Marie Lisandra Zepeda Mendoza, Sanne Nygaard, Rute R da Fonseca¹.

Abstract

BACKGROUND: Sequence alignments are used to find evidence of homology but sometimes contain regions that are difficult to align which can interfere with the quality of the subsequent analyses. Although it is possible to remove problematic regions manually, this is non-practical in large genome scale studies, and the results suffer from irreproducibility arising from subjectivity. Some automated alignment trimming methods have been developed to remove problematic regions in alignments but these mostly act by removing complete columns or complete sequences from the MSA, discarding a lot of informative sites.
FINDINGS: Here we present a tool that identifies Divergent windows in protein sequence Alignments (DivA). DivA makes no assumptions on evolutionary models, and it is ideal for detecting incorrectly annotated segments within individual gene sequences. DivA works with a sliding-window approach to estimate four divergence-based parameters and their outlier values.
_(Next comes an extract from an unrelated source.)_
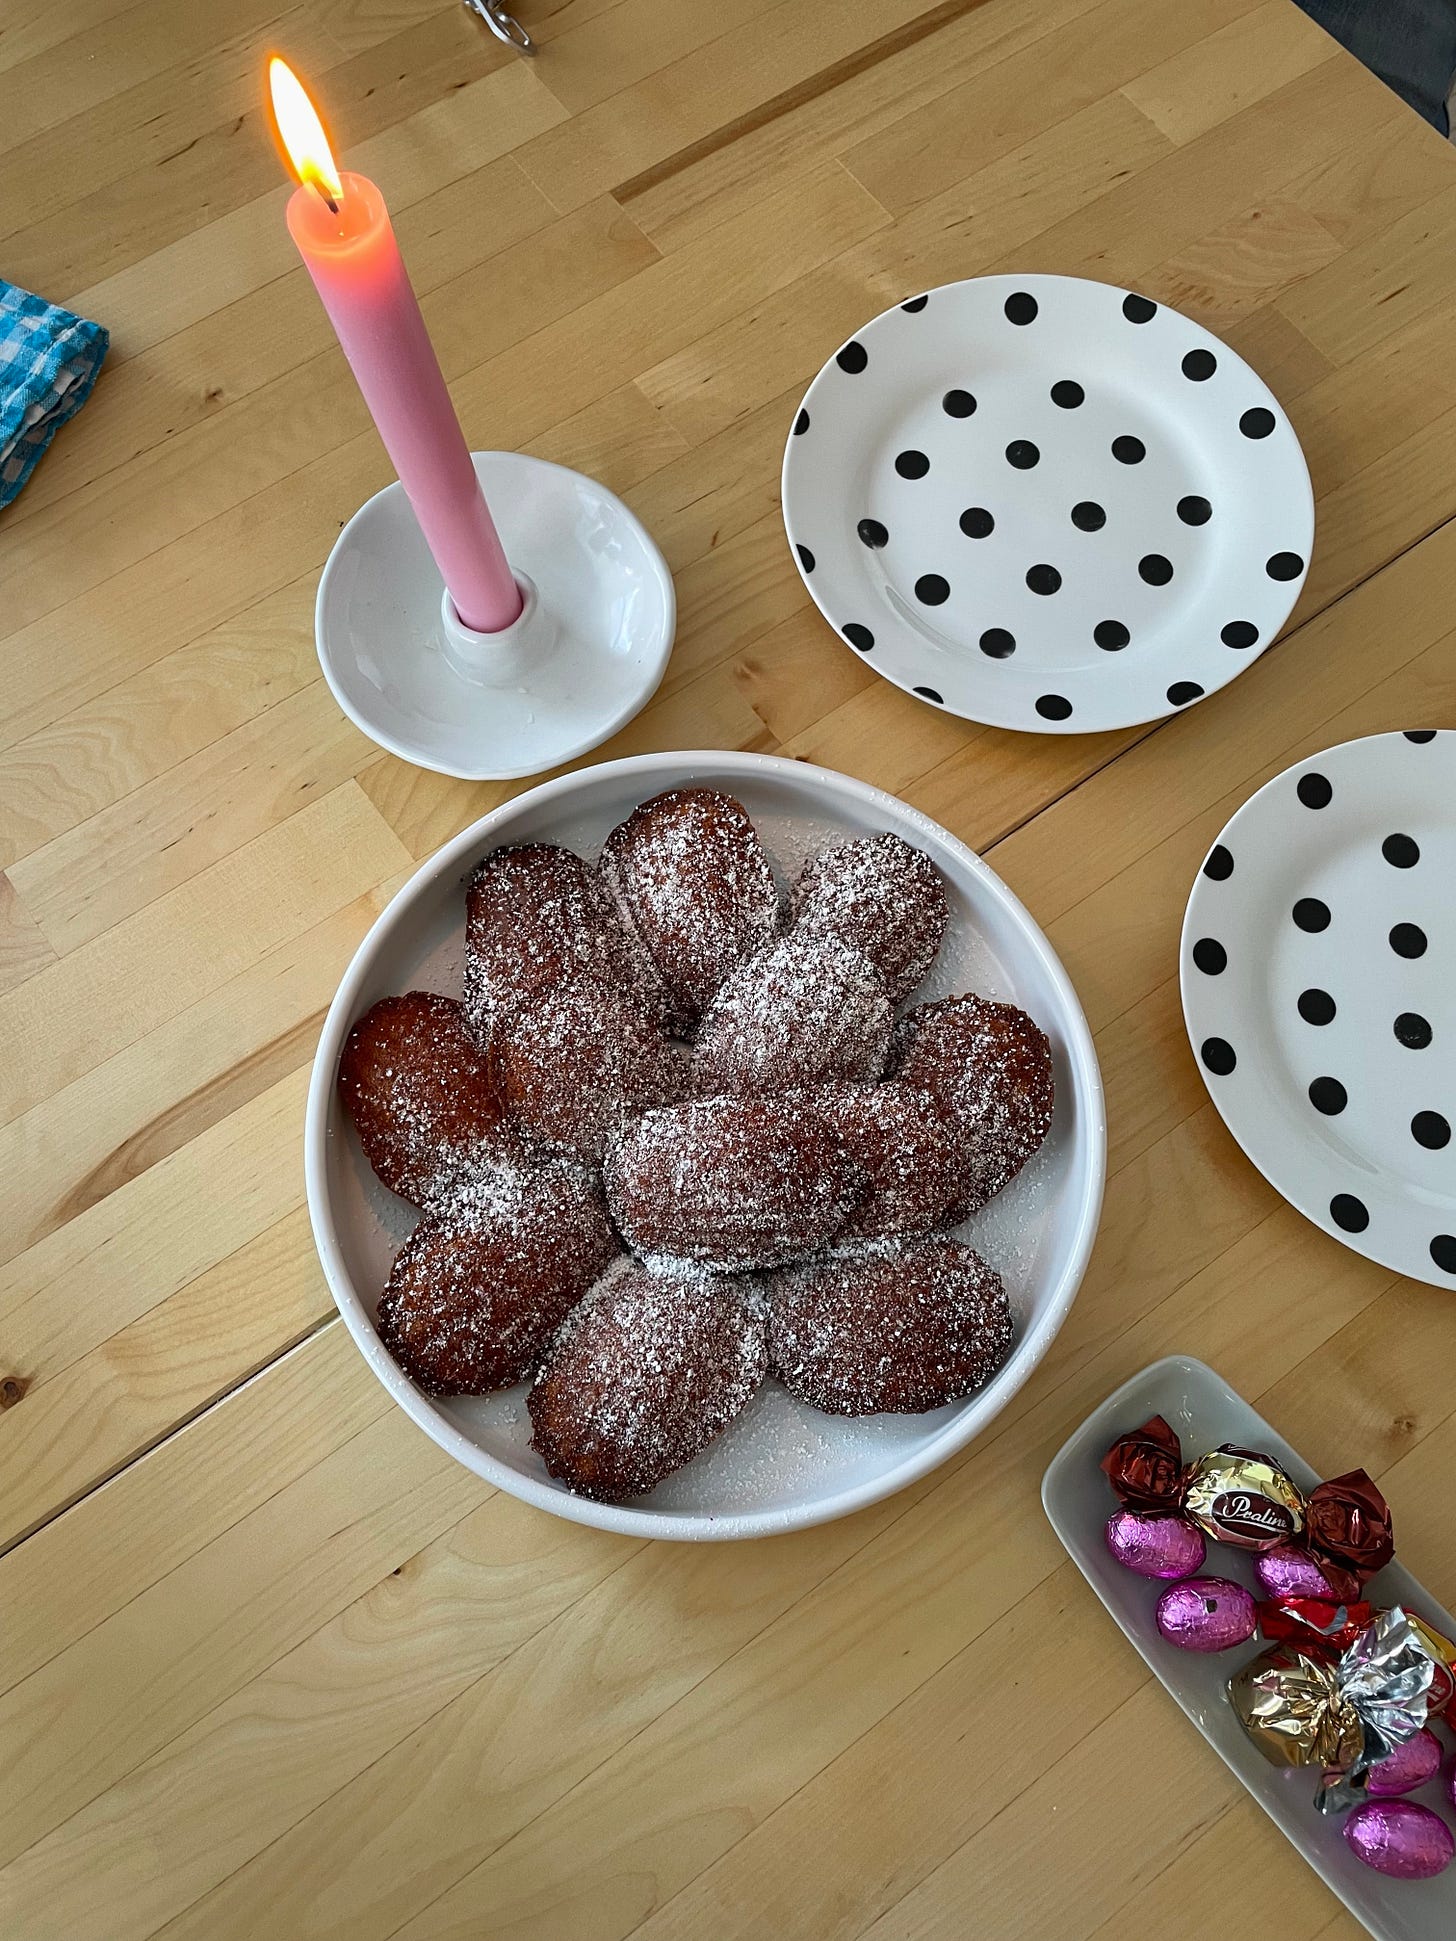 Table setting with a pink candle and a white plate full of madeleine cakes, dusted with icing sugar.

It then classifies a window of a sequence of an alignment as very divergent (potentially non-homologous) if it presents a combination of outlier values for the four parameters it calculates. The windows classified as very divergent can optionally be masked in the alignment.
CONCLUSIONS: DivA automatically identifies very divergent and incorrectly annotated genic regions in MSAs avoiding the subjective and time-consuming problem of manual annotation. The output is clear to interpret and allows the user to take more informed decisions for reducing the amount of sequence discarded but still finding the potentially erroneous and non-homologous regions.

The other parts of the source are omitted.